Но где-то, словно был он одновременно и самим собой, который стоял здесь и думал, готовя решение, и кем-то другим, посторонним, следящим за всеми метаморфозами этой мятежной души, но где-то, знал Улугбек, что сядет сейчас в седло и поведет свое войско в последний поход.
Тот, посторонний, следящий, думал еще о садах Баги-Мейдана, о математиках и астрологах, о шалаше в винограднике, о Звездной башне и таблицах, в которых разгадана тайна тысячи неподвижных светил.
Что станет со всем этим?
И этот вопрос отозвался тоскливым эхом в сердце того Улугбека, который готовился вновь стать Мухаммедом-Тарагаем, ответственным перед аллахом только за тело и душу, что некогда от него получил. Сразу сузился мир, померкли слепящие краски и бесцветное небо степное упало, как занавес, вокруг мирзы. Исчезла раздвоенность, стал он вновь государем, ответственным за всю страну, которую терял, и за эту горстку не бросивших его в беде людей.

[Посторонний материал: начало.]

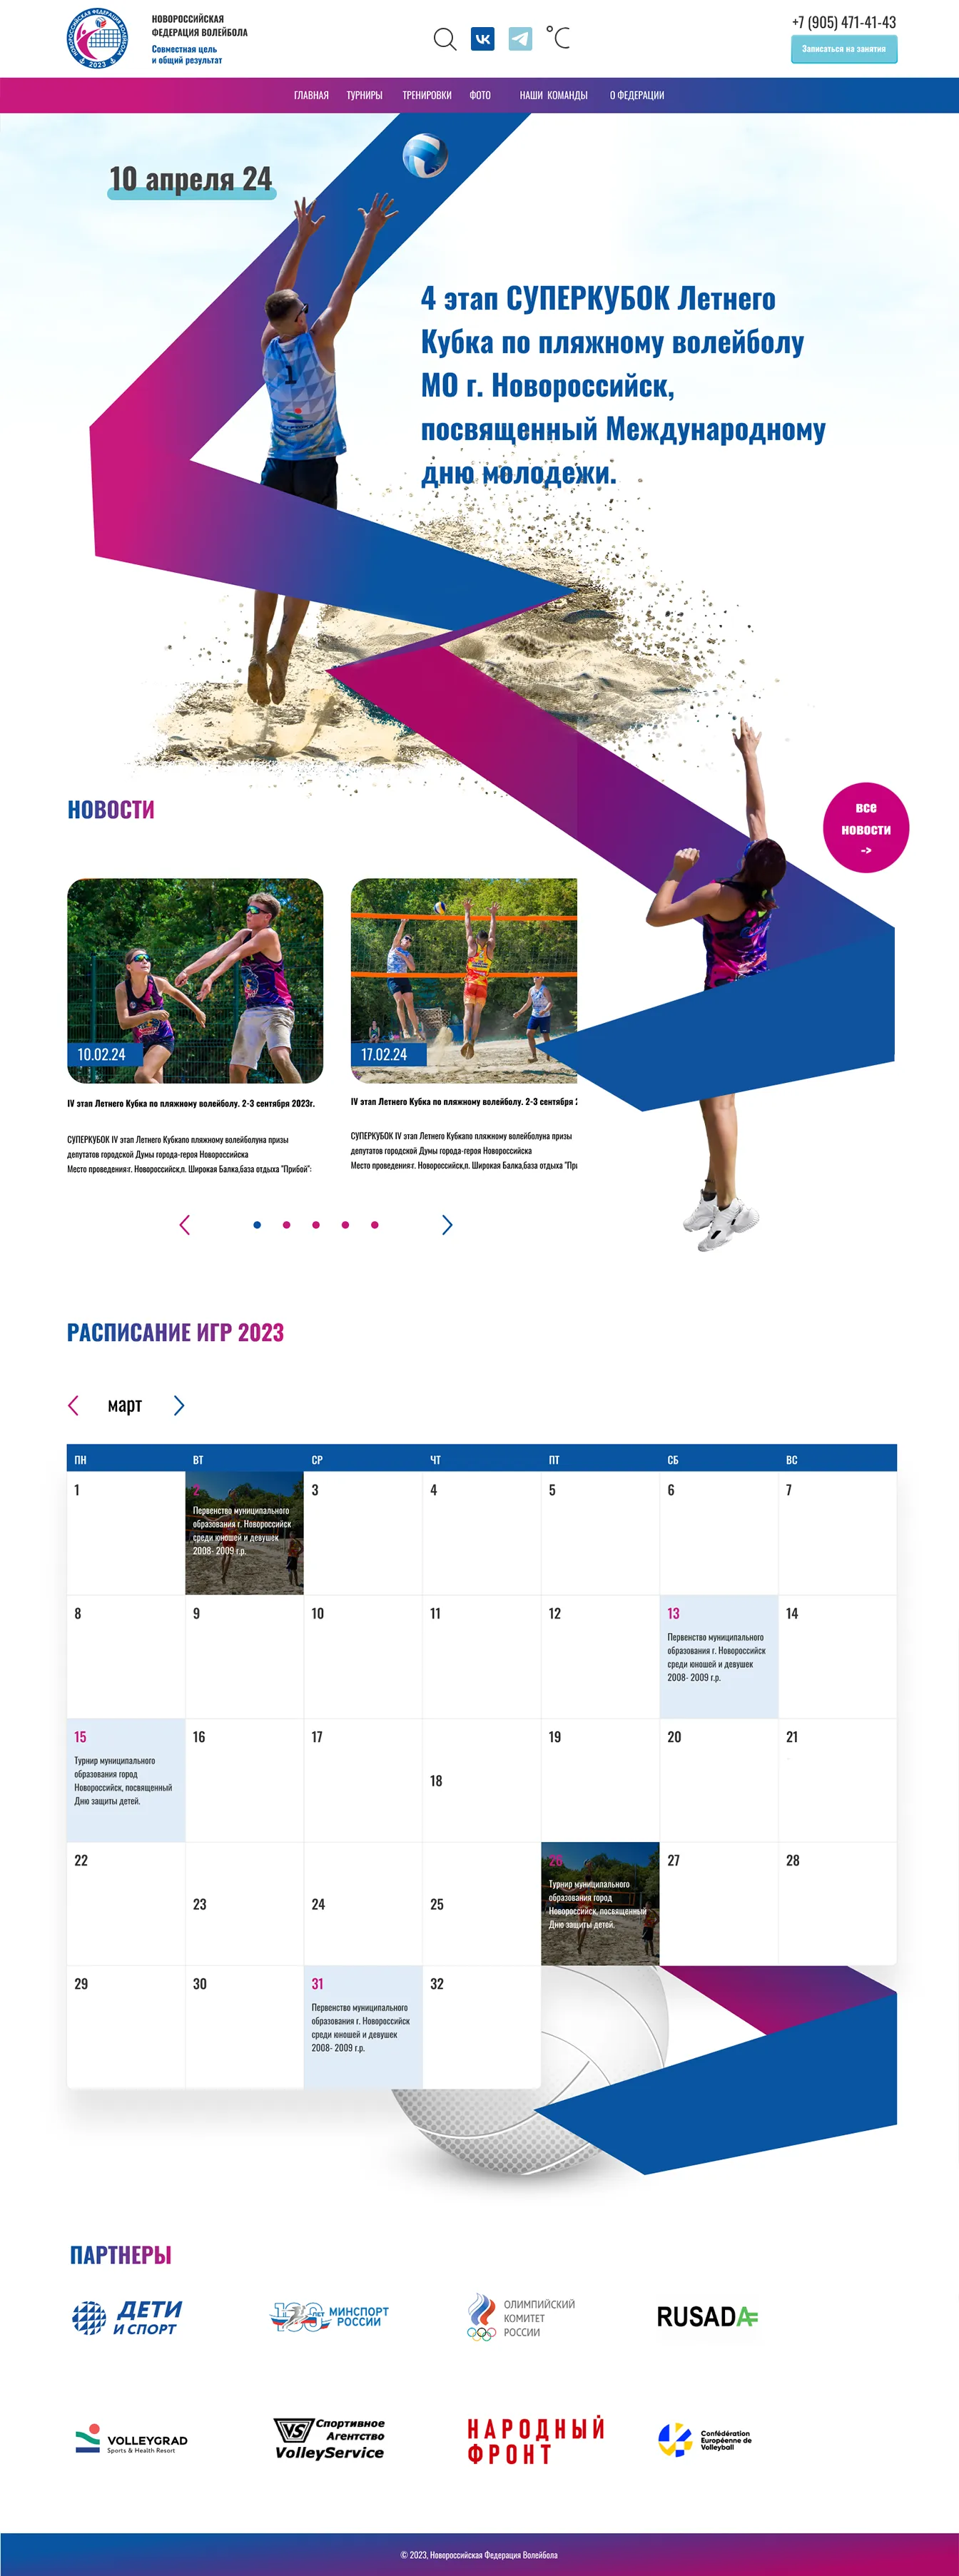 Портфолио, разработка официального сайта Новороссийской федерации волейбола

Но мятежный порыв, но чувство почти животного стремления к свободе все же разбудили запрятанные в голове слова Хайяма:
…Ведь купол звездный —
Он тоже рухнет. Не забудь о том.
С мстительной радостью повторил Улугбек в душе эти кощунственные, бунтарные слова. И как волшебный талисман, как кольцо Сулеймана, открыли они стареющему мирзе тайну жизни, тайну тайн, которую искали и вечно будут искать поэты и звездочеты.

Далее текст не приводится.